**Records supplied**

>>>>

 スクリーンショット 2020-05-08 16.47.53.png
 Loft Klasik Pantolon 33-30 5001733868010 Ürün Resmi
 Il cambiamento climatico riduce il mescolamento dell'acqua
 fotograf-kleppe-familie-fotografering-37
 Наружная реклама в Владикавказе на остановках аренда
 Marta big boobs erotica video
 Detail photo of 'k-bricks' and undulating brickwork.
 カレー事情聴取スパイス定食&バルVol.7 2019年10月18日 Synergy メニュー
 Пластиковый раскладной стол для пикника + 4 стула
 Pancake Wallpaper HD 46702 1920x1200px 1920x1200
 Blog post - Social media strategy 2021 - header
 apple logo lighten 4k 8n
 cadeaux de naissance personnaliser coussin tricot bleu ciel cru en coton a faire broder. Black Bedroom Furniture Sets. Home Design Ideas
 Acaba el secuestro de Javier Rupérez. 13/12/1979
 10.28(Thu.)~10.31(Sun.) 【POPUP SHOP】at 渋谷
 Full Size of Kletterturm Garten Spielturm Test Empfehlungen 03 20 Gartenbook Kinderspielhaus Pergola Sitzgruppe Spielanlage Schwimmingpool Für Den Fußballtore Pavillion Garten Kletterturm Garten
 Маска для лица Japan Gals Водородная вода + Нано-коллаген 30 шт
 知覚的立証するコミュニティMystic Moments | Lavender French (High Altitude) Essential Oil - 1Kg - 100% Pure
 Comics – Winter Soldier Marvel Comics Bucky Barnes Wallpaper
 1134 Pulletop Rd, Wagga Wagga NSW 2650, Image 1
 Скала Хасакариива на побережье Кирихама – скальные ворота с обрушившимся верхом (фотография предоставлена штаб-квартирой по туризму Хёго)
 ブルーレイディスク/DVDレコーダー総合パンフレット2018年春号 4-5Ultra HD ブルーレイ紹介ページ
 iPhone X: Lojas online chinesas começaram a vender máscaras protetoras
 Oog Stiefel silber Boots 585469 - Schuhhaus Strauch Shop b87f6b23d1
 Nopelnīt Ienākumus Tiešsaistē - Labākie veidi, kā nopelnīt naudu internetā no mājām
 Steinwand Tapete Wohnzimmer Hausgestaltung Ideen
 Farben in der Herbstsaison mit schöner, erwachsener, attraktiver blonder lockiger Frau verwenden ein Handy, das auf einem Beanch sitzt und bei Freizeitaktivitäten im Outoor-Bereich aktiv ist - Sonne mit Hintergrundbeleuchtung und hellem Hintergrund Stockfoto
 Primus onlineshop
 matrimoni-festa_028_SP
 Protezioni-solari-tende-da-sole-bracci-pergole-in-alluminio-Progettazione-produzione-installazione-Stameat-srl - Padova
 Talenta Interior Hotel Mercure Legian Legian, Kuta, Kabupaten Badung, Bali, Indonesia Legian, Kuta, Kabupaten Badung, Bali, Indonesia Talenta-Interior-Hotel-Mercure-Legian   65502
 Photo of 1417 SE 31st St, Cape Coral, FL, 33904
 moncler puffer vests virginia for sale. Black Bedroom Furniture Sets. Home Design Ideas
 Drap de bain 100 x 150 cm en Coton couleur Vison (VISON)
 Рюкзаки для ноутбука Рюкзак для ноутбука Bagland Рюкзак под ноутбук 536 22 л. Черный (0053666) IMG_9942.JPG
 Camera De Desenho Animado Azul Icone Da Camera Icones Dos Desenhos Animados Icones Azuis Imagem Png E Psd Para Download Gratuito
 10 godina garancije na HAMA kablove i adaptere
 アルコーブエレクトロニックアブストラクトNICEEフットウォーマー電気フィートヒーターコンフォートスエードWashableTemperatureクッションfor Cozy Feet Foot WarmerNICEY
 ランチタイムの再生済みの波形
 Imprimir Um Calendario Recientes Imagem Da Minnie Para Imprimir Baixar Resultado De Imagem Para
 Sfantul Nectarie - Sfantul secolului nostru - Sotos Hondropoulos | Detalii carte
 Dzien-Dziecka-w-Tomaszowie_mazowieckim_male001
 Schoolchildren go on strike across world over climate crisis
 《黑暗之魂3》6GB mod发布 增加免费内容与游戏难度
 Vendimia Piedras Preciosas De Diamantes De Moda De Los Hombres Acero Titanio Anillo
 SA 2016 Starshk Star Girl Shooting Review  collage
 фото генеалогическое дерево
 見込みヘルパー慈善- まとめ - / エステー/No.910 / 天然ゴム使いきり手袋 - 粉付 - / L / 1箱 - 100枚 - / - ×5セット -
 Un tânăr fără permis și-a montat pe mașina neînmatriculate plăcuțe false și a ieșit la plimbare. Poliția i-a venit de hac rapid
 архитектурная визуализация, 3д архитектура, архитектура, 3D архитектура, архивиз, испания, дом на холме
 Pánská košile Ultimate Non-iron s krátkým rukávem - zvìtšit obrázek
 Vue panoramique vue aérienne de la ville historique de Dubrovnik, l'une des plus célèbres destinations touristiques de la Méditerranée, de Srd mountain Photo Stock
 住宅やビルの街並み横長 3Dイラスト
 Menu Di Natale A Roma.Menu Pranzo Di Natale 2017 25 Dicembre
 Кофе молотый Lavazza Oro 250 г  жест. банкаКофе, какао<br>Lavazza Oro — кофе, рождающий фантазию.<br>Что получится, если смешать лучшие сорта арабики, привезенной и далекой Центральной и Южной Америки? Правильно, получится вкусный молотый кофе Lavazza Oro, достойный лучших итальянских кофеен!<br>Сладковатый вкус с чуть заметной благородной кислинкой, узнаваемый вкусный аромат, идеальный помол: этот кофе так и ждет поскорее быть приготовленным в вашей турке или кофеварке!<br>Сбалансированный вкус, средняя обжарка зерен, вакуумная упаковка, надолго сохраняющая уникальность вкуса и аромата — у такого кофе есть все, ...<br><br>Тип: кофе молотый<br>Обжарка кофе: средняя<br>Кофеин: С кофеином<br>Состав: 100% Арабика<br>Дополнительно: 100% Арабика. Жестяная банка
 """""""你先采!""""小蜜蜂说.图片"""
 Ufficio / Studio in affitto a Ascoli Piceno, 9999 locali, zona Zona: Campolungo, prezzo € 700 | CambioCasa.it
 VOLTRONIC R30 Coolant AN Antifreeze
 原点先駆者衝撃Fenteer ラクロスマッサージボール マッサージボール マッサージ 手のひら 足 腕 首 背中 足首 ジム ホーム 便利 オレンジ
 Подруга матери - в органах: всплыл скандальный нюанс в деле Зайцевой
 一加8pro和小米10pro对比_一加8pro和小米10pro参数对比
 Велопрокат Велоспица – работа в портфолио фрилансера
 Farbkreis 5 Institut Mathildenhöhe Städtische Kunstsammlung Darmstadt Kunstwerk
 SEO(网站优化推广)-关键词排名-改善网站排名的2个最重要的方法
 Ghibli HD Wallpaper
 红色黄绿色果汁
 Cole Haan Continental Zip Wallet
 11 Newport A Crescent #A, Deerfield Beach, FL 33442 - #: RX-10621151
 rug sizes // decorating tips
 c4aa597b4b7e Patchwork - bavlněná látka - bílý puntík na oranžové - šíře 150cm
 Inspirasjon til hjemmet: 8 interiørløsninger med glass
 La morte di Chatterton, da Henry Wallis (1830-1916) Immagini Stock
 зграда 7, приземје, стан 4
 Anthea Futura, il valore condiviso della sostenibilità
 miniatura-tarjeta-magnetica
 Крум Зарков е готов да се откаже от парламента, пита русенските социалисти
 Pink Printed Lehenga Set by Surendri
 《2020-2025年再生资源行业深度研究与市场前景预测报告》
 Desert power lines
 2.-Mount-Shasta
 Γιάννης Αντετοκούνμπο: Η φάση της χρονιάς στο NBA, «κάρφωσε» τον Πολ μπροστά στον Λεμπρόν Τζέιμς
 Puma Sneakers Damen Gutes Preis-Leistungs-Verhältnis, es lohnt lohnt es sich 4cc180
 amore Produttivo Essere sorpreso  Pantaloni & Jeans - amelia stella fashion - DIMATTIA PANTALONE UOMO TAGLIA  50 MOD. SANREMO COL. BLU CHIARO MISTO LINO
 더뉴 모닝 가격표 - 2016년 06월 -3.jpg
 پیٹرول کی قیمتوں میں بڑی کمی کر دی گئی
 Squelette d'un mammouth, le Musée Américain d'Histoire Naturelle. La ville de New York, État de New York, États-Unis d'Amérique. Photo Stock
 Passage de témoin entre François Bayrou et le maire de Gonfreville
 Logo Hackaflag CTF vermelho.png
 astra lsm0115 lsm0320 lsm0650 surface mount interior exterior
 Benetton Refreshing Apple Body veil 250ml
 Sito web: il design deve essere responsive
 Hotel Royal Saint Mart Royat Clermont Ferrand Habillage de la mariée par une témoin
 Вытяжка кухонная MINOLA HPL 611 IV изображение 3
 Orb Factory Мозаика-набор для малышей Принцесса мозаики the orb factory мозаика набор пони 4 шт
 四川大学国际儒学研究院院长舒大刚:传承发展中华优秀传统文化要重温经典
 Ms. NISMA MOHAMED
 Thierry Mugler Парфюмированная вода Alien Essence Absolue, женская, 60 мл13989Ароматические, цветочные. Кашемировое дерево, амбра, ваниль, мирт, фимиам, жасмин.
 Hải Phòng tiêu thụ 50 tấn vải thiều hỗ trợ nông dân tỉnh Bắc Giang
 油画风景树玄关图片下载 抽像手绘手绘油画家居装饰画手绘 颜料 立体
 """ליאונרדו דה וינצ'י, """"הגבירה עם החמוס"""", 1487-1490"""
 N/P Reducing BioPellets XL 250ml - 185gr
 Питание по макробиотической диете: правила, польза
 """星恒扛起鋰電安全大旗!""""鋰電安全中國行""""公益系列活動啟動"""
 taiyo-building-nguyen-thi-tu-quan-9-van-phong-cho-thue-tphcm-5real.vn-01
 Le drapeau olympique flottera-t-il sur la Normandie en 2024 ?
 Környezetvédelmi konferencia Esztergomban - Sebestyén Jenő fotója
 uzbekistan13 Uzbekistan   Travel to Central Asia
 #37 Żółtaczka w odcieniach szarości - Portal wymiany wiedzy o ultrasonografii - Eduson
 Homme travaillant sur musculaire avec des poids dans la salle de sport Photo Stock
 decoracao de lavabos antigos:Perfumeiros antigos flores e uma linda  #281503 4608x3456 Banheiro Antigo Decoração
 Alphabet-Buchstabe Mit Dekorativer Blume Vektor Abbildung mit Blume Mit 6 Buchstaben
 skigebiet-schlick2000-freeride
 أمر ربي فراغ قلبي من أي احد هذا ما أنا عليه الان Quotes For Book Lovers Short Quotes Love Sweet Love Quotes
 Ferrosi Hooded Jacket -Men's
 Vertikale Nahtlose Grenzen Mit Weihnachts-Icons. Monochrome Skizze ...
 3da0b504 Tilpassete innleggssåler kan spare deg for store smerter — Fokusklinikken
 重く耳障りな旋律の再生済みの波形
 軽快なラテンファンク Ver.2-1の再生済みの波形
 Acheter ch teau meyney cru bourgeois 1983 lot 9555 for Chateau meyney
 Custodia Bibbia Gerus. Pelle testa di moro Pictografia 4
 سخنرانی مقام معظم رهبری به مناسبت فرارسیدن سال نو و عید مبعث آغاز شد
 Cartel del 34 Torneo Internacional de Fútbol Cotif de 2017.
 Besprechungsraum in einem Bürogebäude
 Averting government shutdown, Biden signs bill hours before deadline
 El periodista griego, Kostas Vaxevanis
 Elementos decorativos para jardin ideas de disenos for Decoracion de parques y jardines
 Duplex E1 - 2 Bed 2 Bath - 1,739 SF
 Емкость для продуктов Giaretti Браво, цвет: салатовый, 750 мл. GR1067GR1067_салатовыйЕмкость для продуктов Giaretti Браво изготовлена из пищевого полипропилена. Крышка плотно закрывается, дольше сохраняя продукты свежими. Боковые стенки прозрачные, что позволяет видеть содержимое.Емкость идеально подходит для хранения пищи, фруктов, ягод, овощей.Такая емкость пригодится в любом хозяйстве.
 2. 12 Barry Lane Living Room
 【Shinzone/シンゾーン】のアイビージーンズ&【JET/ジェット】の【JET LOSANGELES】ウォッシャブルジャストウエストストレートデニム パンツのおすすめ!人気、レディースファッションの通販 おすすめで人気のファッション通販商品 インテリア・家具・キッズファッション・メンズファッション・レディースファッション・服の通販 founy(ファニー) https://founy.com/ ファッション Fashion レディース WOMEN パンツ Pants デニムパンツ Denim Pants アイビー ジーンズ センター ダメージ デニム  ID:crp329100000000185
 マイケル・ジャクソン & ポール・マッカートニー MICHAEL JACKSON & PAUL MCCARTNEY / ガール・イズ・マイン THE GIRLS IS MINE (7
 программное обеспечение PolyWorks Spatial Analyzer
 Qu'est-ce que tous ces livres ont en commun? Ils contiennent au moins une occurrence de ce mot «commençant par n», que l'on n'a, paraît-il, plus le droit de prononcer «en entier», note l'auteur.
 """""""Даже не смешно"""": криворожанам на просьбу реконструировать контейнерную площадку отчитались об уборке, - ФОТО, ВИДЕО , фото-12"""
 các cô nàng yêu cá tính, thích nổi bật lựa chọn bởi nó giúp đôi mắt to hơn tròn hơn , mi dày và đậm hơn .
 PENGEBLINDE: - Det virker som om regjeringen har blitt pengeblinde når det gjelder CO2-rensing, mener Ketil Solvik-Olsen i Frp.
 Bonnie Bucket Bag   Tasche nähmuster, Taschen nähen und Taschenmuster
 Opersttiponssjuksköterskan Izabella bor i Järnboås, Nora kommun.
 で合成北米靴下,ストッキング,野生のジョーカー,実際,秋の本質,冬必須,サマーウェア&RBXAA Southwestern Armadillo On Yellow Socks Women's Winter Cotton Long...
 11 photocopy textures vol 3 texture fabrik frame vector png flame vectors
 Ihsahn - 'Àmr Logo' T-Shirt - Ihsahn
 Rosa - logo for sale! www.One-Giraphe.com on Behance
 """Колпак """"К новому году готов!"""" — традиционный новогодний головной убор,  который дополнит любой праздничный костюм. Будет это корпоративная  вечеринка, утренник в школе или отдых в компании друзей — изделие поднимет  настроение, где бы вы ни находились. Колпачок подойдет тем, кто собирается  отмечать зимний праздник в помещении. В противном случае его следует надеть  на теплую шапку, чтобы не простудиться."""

<<<<

**Your task**
Give again, word for word, the records from their first line to the one with "Marta big boobs erotica video", and leave out all else.

**Answer section**
 スクリーンショット 2020-05-08 16.47.53.png
 Loft Klasik Pantolon 33-30 5001733868010 Ürün Resmi
 Il cambiamento climatico riduce il mescolamento dell'acqua
 fotograf-kleppe-familie-fotografering-37
 Наружная реклама в Владикавказе на остановках аренда
 Marta big boobs erotica video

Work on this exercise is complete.